Conventionally, operators introduce balls to the wellbore through an auxiliary line, coupled through a valve, to the wellhead. This auxiliary line would be fit with a valved tee or T-configuration connecting the wellhead to a fluid pumping source and to a ball introduction valve. One such conventional apparatus is that as set forth in U.S. Pat. No. 4,132,243 to Kuus. There, same-sized balls are used for sealing perforations and these are fed, one by one, from a stack of identically sized balls held in a (generally) pressurized magazine.
However, the apparatus appears limited to using identically-sized balls in the magazine stack during a particular operation. To accommodate a set of balls of a different size, however, the apparatus of Kuus requires disassembly, substitution of various components (such as the magazine, ejector and ejector sleeve, which are properly sized for the new set of balls) and then reassembly. The apparatus of Kuus, therefore, cannot accommodate different sized balls during a particular operation, since it is designed to handle only a plurality of same-sized sealer balls at any one time. To use a plurality of different sized balls, in the magazine, will result in jamming of the devices (such as in the ejector sleeve area).
Moreover, the ball retainer springs in Kuus do not appear to be very durable and would also need to be replaced when using a ball of a significantly different size. There is a further concern that the ball retainer springs could also break or come loss and then enter into the wellbore (which is undesirable). Additionally, there is no positive identification whether a ball was successfully indexed or ejected from the stack of balls for injection.

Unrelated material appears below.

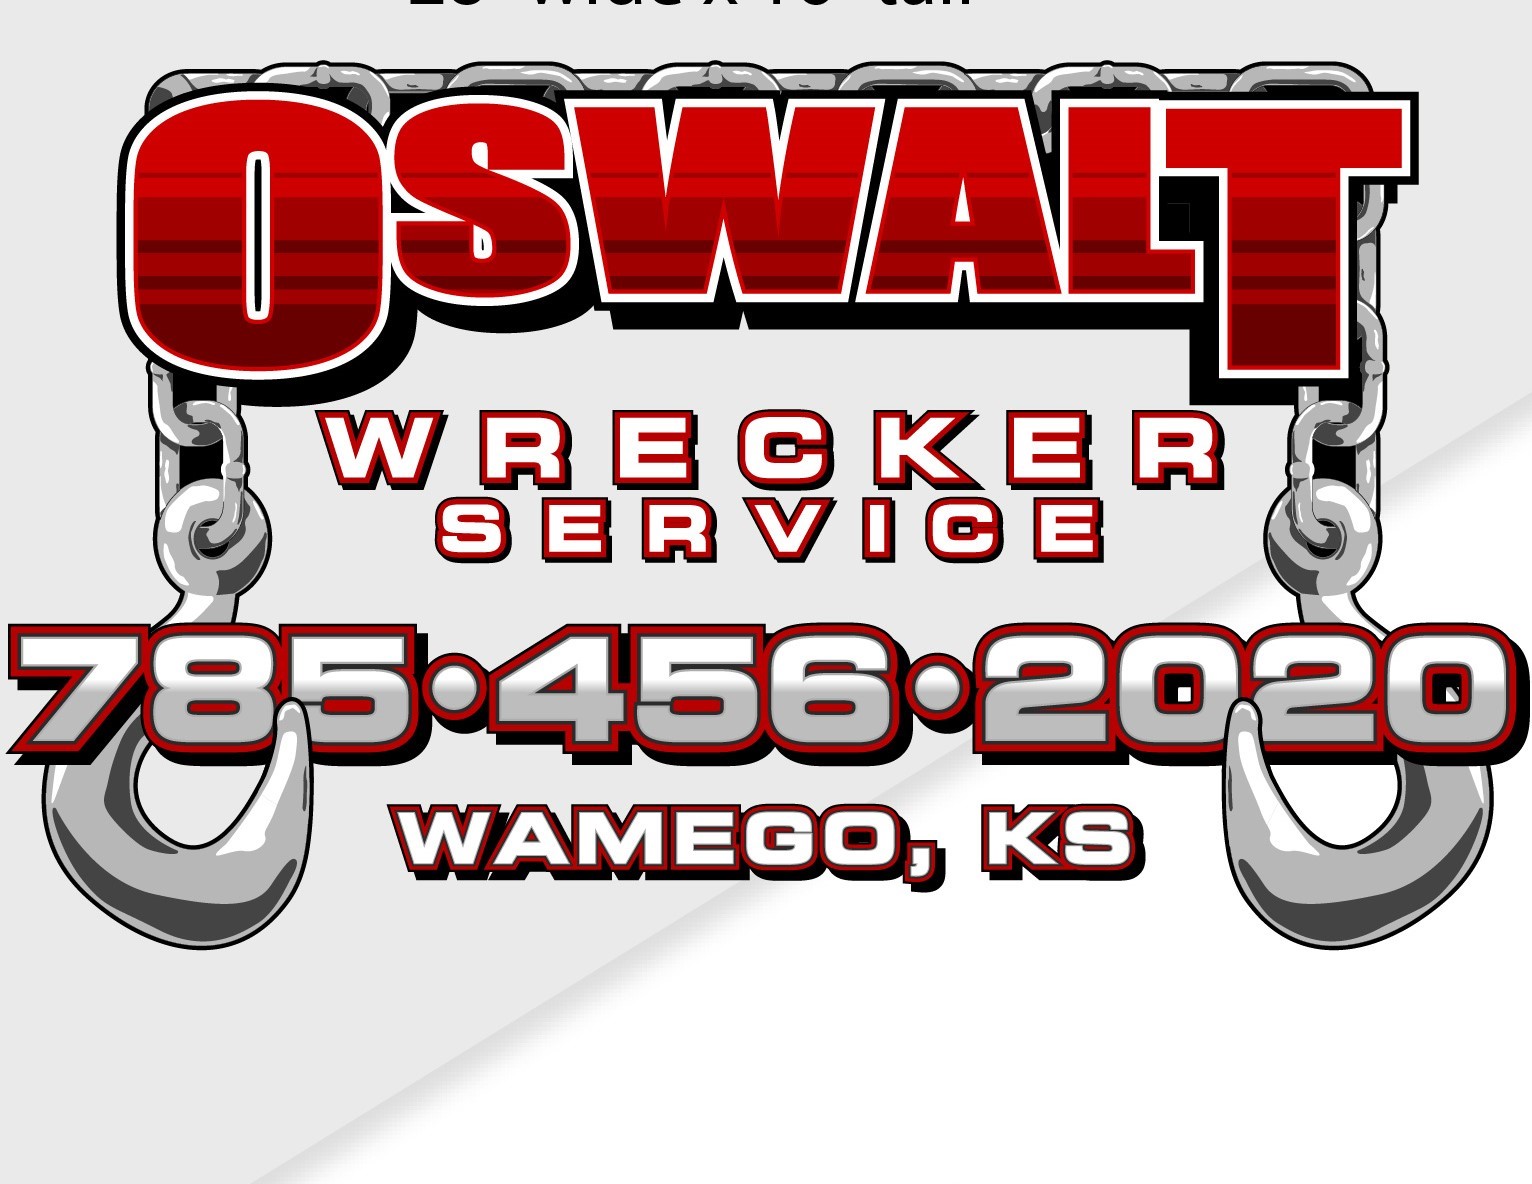 Oswalt Wrecker Service - Wamego, KS

Furthermore, the device of Kuus is oriented so as to have the sealer balls transferred into the magazine by gravity and must therefore utilize a fluid flow line and valved tee through which well treating fluid and sealer balls are subsequently pumped into a wellbore. The device of Kuus, with its peculiar orientations of components, could therefore not be directly aligned with, or supported by, a wellhead.
More recent advance in ball injecting apparatus do feature a housing adapted to be supported by the wellhead. Typically the housing has an axial bore therethrough and is in fluid communication and aligned with the wellbore. This direct aligned connection to the wellhead avoids the conventional manner of introduce balls to the wellbore through an auxiliary fluid flow line (which is then subsequently connected to the wellhead) and the disadvantages associated therewith. Some of these disadvantages, associated with conventional T-connected ball injectors, include requiring personnel to work in close proximity to the treatment lines through which fluid and balls are pumped at high pressures and rates (which is hazardous), having valves malfunctioning and balls becoming stuck and not being pumped downhole and being limited to smaller diameter balls.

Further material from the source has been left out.